Tenaillés par l’angoisse, les Feuchtwanger s’interrogent : faut-il quitter Munich pour la Palestine ? Rejoindre Sanary-sur-Mer, dans le sud de la France, où se sont réfugiés l’oncle Lion et Bertolt Brecht ? Rallier Prague, où vit la tante Bella ? Le choix se porte sur l’Angleterre. Entre-temps, l’ogre nazi n’a fait qu’une bouchée de l’Autriche et de la région des Sudètes, en Tchécoslovaquie, et la Nuit de cristal, premier pogrom de l’ère nazie, a englouti les dernières lueurs de la démocratie. Dans la nuit du 9 au 10 novembre 1938, 200 synagogues sont détruites, une centaine de juifs assassinés et près de 30 000 d’entre eux déportés vers les camps de concentration. Soixante-quatorze ans plus tard, Edgar n’a rien oublié de cette nuit glaciale où les brutes de Goebbels ont cogné à sa porte. « On entendait des cris dans la rue, le ciel avait des éclairs orange à cause des flammes. Les soldats sont entrés chez nous, ont hurlé et ont emmené mon père sous les yeux de ma mère et les miens. »

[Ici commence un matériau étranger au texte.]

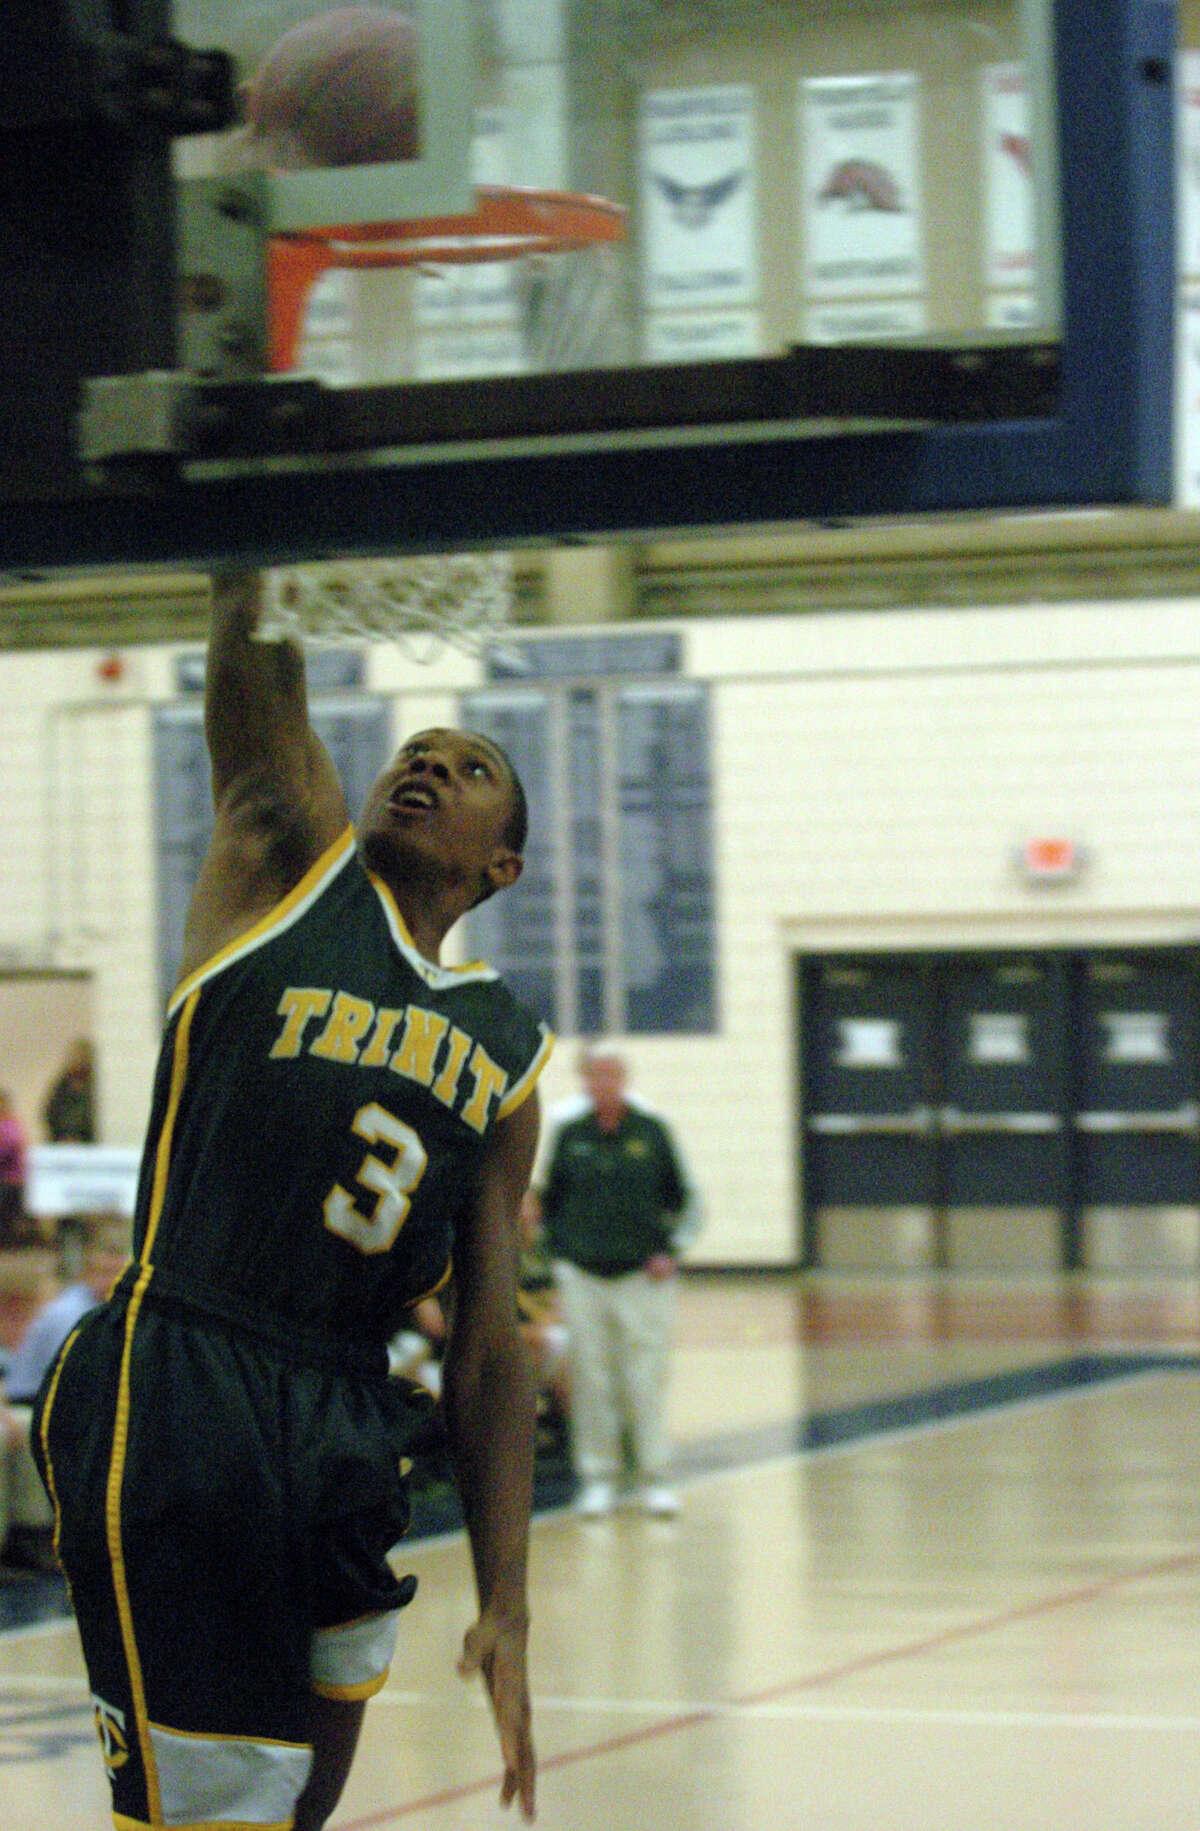 Trinity's Tremaine Frasier shoots as Wilton High School hosts Trinity Catholic in a boys basketball game in Wilton, Conn., Feb. 12, 2013.

Ludwig sera interné six semaines à Dachau. Il en reviendra à la veille de Noël, amaigri, vieilli, bien décidé, cette fois, à fuir « le salaud » d’en face… lequel passera un réveillon tranquille à son domicile, servi par sa fidèle intendante, Mme Winter, écrit Edgar.

Il avoue se sentir étranger lorsqu’il se rapproche du Rhin

On s’étonne du retour miraculeux de Ludwig parmi les siens. Mais non : « A l’époque, il arrivait que les nazis envoient des juifs à Dachau pour les effrayer et les inciter à fuir l’Allemagne », précise l’historien.

Lorsque Edgar quitte Munich pour l’Angleterre, à l’âge de 14 ans, c’en est fini de l’enfance. Bürschi, l’enfant choyé, est devenu un jeune homme lucide, passionné d’Histoire, prêt à embrasser sa nouvelle patrie et la modernité (il Skype aujourd’hui avec l’aisance d’un jouvenceau). « L’euphorie peut conduire à l’excès. Mais il fallait tout de même être « damn stupid » pour adhérer au fanatisme monstrueux de Hitler. Comment tant de gens éduqués ont-ils pu tomber dans le panneau ? » s’étonne-t-il aujourd’hui. Avec son pays de naissance, les liens restent distendus. Edgar fréquente l’église anglicane et souhaite que l’on se souvienne de lui comme d’un « honorable citoyen britannique ». Il avoue se sentir comme un étranger lorsqu’il se rapproche du Rhin. « Le nazisme est pour l’Allemagne comme un nuage lourd impossible à chasser », dit le vieil homme. Lui ne s’est jamais senti si léger.

(1) Hitler, mon voisin, de Bertil Scali, le 24 janvier sur Planète +.

Pas de commentaire

Les commentaires sont fermés.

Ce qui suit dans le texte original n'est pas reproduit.